Multi-step reasoning strategies (Tree-of-Thought, ReAct, RAP, FoA, ReST-MCTS*, etc.) are highly repetitive —
~50% of prompts are duplicates both within a single method execution and across methods on the same task.
Cache Saver exploits this redundancy across three practical scenarios:
Three practical scenarios using GPT-4.1-Nano across the benchmarks of Game of 24, HumanEval, and SciBench.
The figure shows Cache Saver's impact across three practical ML scenarios.
A1-Hyperparameter tuning: grid search over Tree-of-Thought configurations (tree width, depth, number of evaluations).
A2-Ablation analysis: testing three variations of the FoA algorithm (removing the selection phase, backtracking, or resampling).
A3-Benchmarking: comparing entirely different reasoning strategies (ToT, GoT, FoA).
The blue bars show the cost without Cache Saver.
The orange bars show the average cost with Cache Saver. Because experiments share prompts, cached responses are reused and average cost drops significantly.

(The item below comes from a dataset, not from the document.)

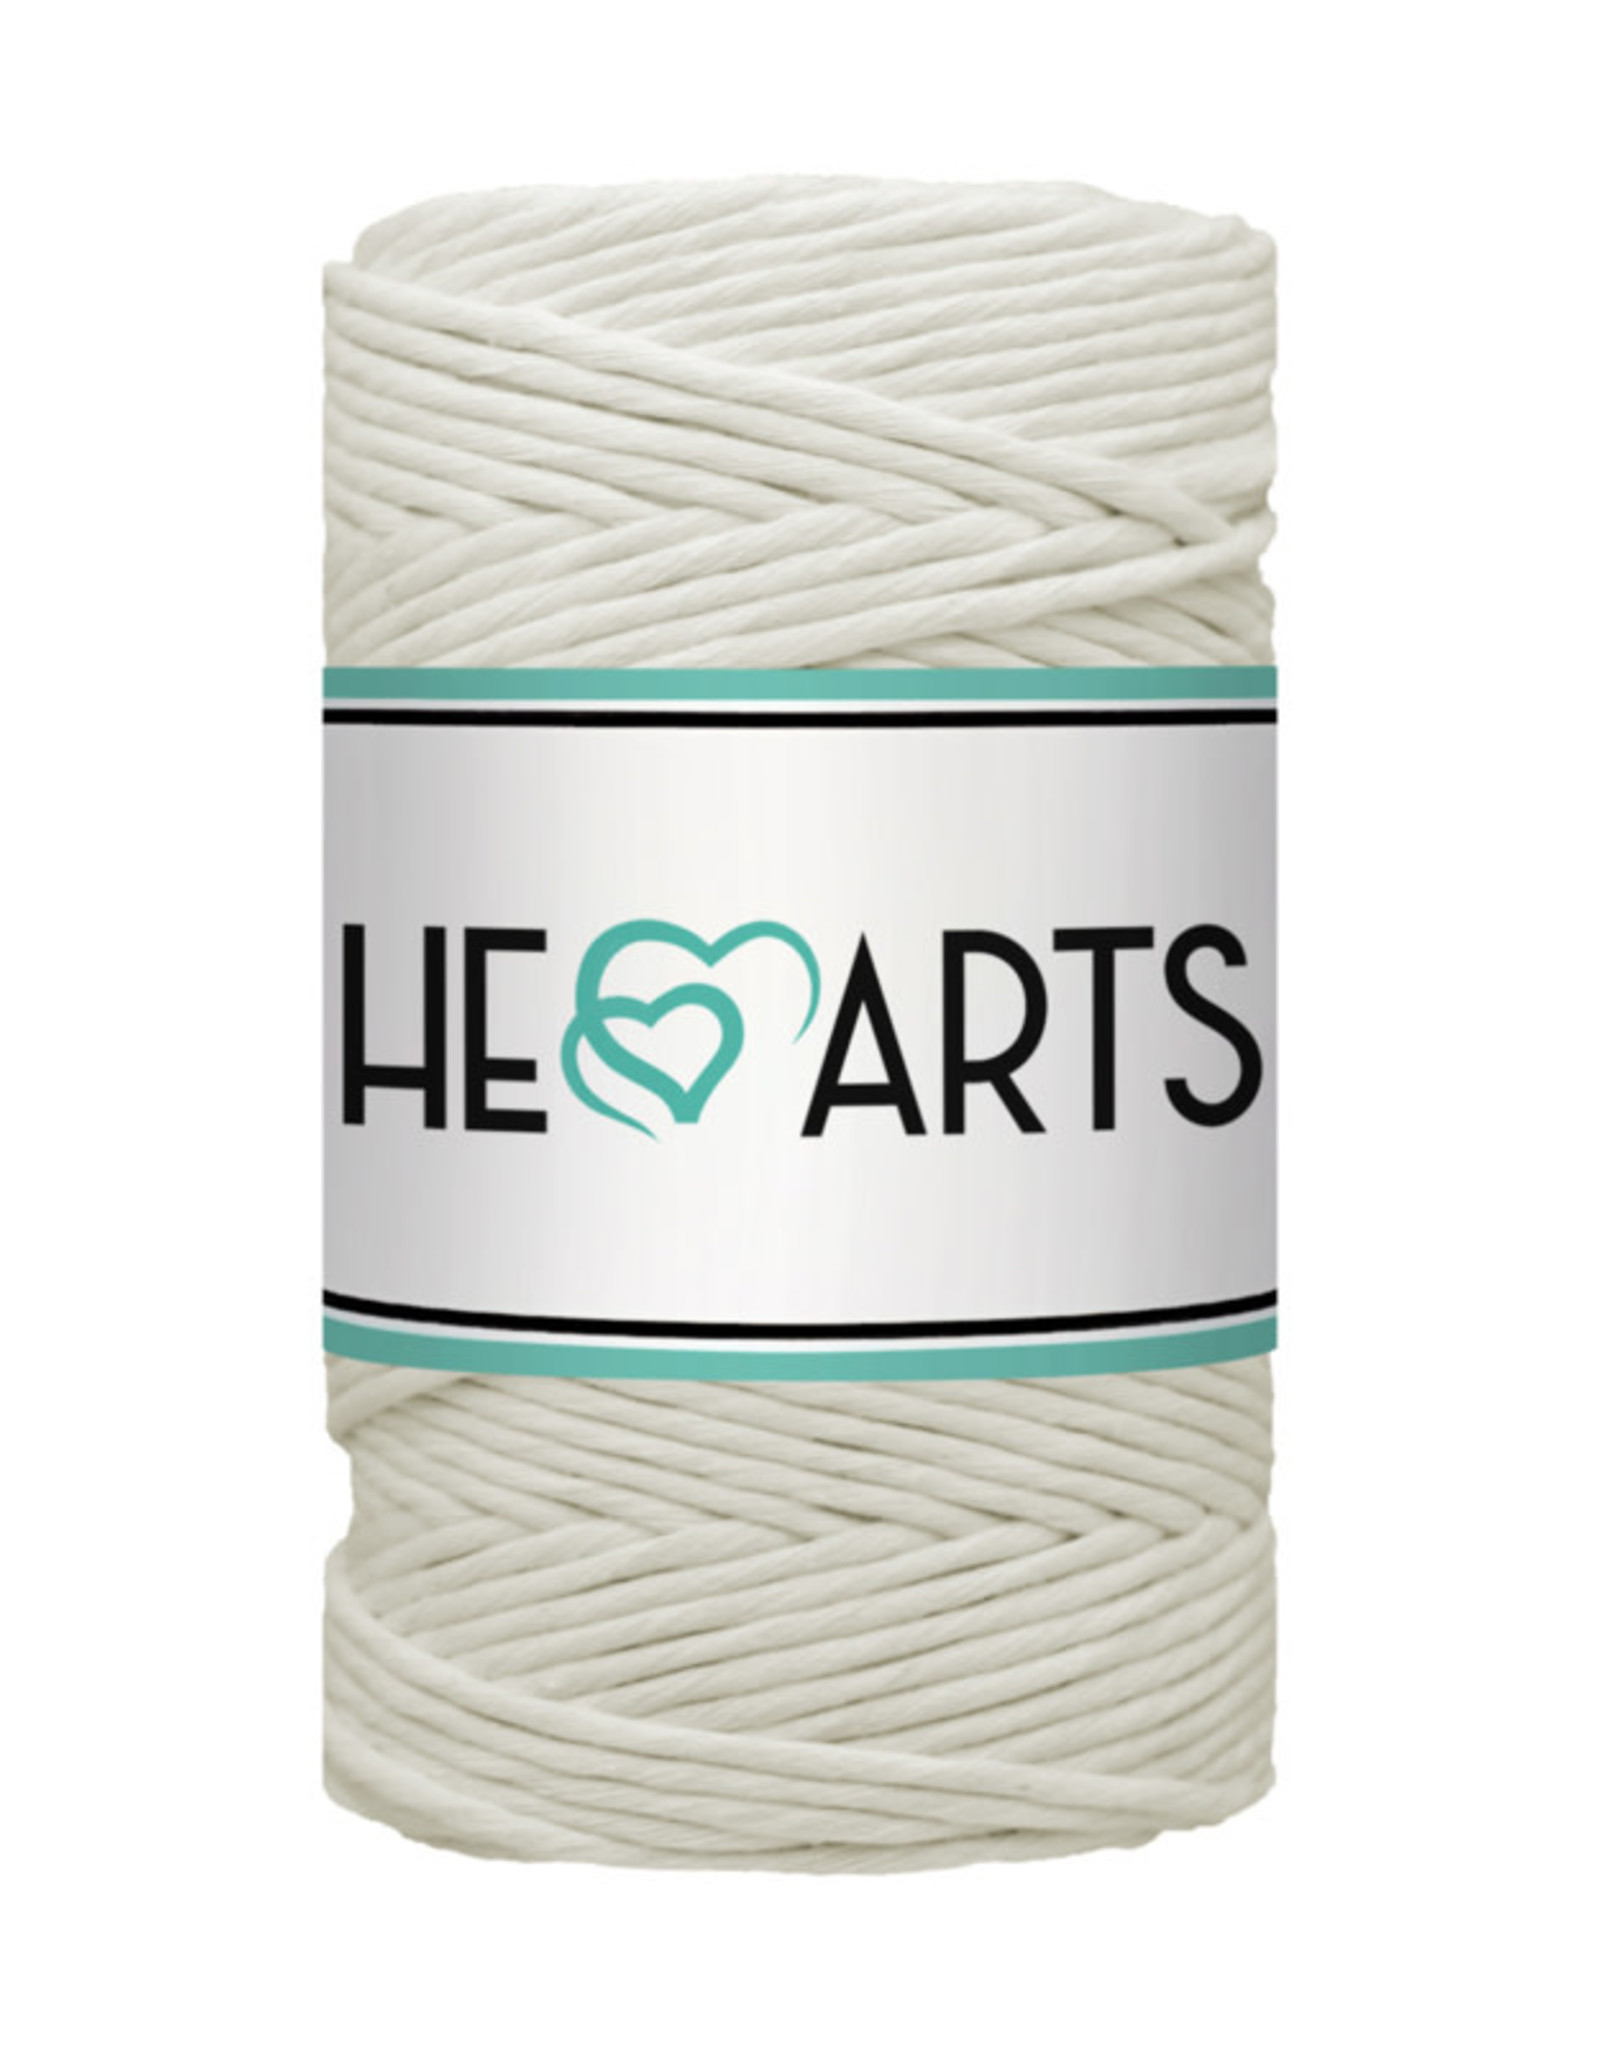 HEARTS HEARTS - Macramé koord single twist - Naturel 3mm

The green bars show the marginal cost, that is the added cost of incorporating one more configuration, variation, or method into the experiment.

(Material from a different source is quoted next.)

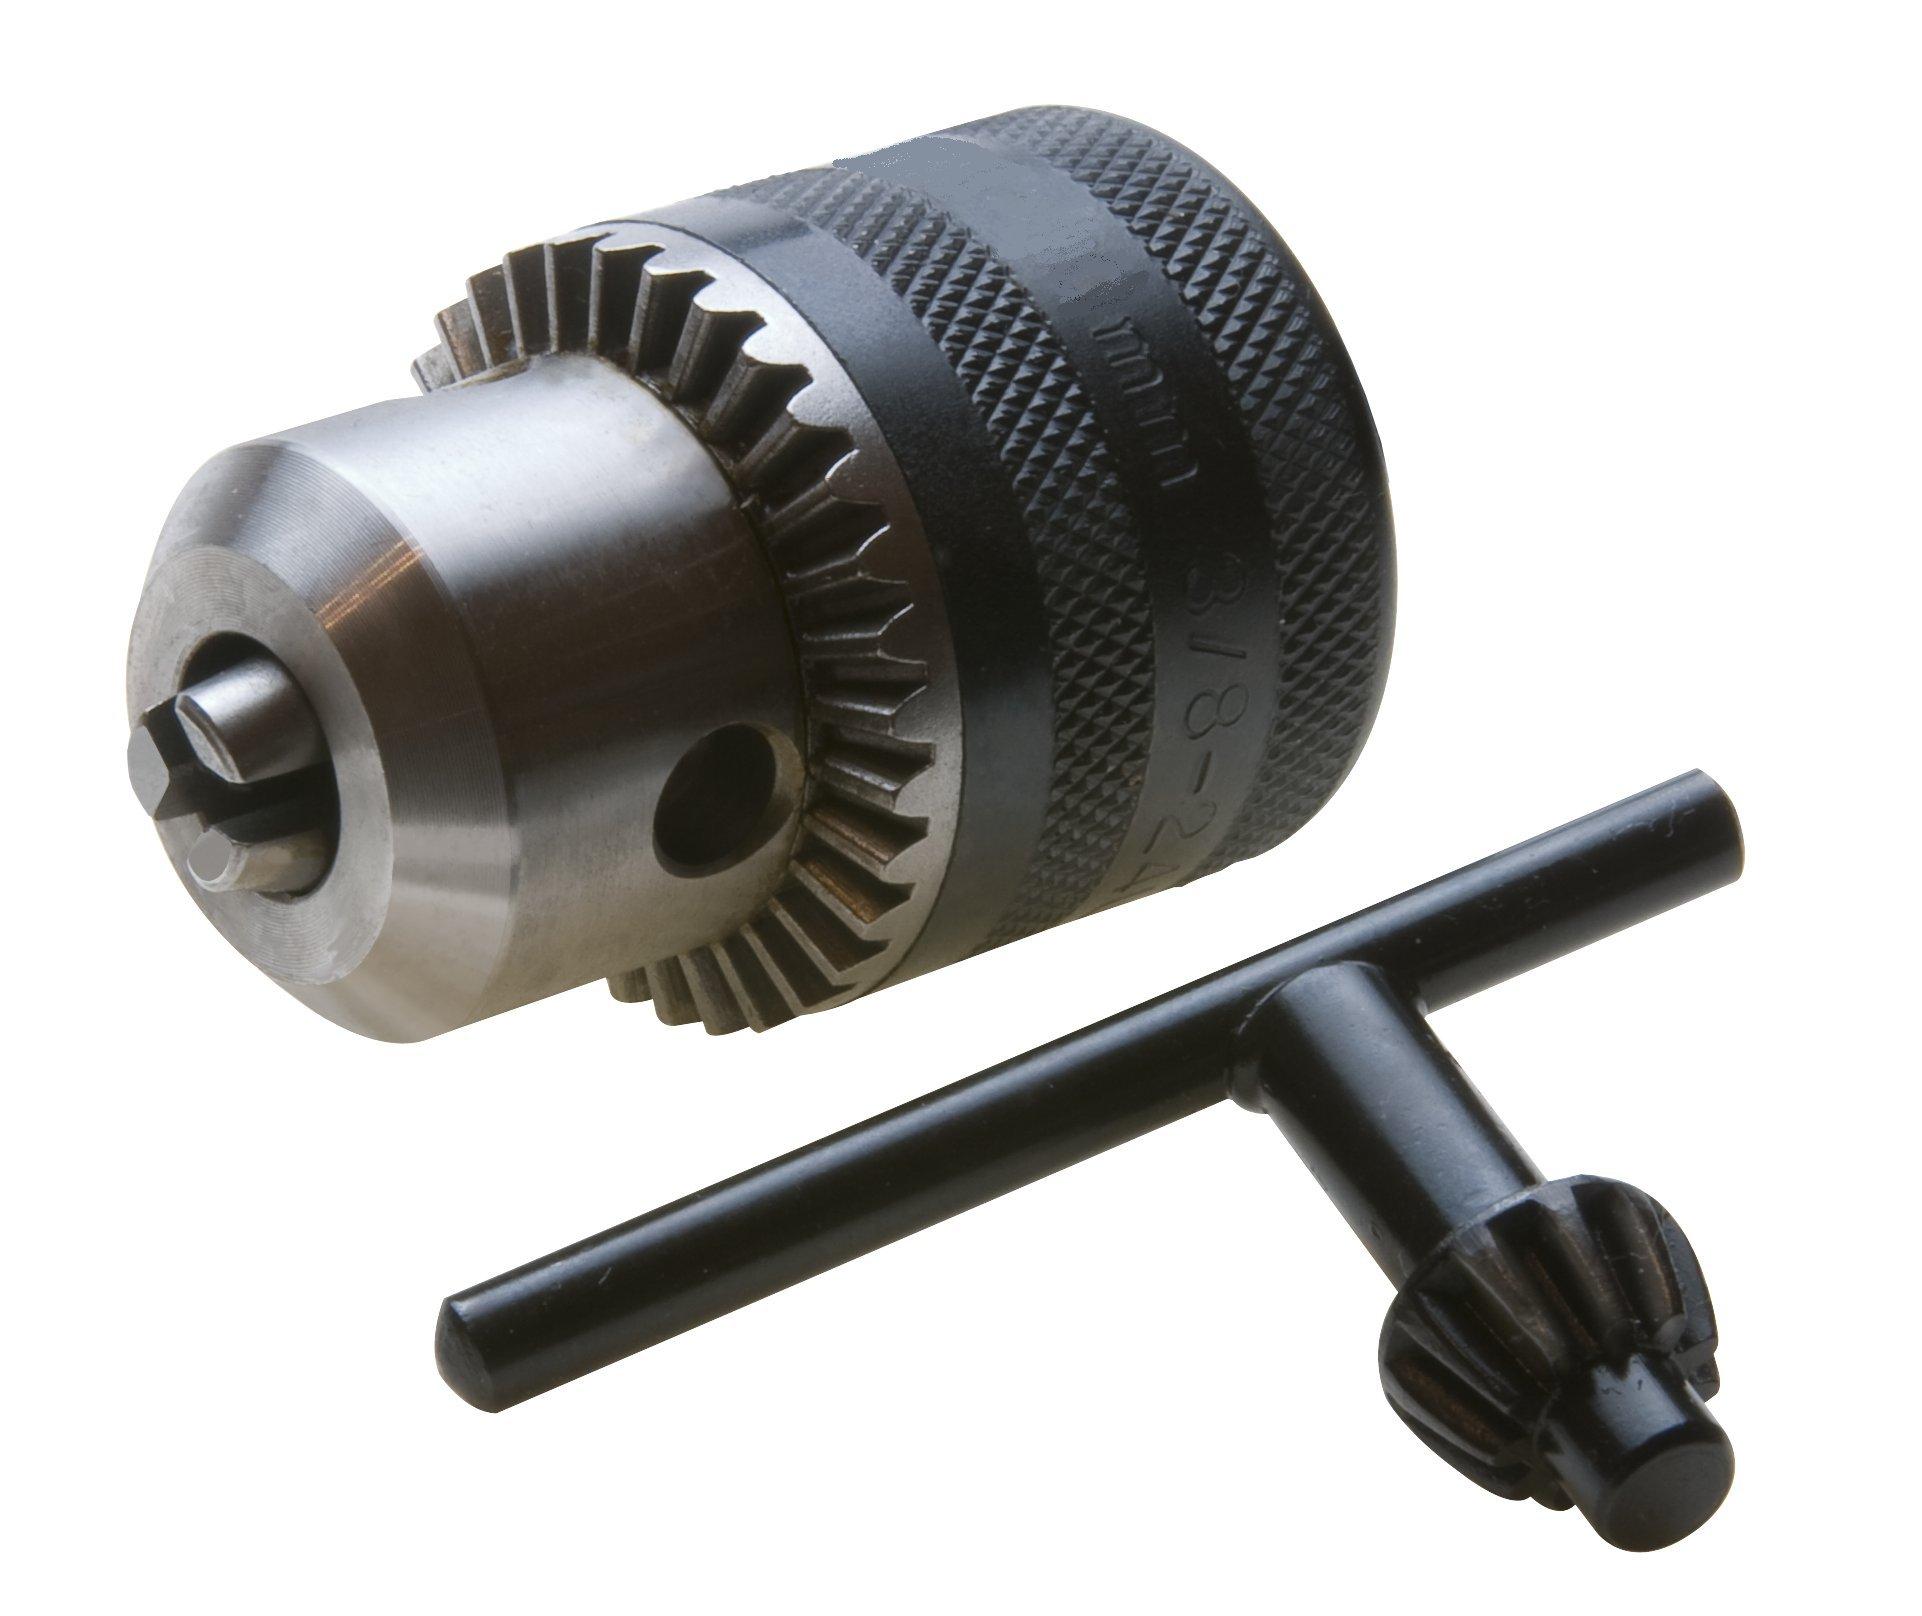 LFA/Reichel Hardware 4220AO 1/16-1/2-1.5-13 mm Capacity 3/8-24'' Threaded Mount Keyed Light Duty Drill Chuck

The reuse potential depends on how similar the experiments are: hyperparameter tuning (A1) achieves the highest savings (6x lower cost, tokens, and latency) since different configurations of the same method share most prompts. Ablation analysis (A2) achieves 2.5x savings. Finally, benchmarking across different methods (A3) still achieves 2x savings, a notable finding since even structurally different reasoning strategies share significant prompt overlap. These savings are on top of existing platform-level optimizations (paged attention, KV caching, prefix sharing, etc.).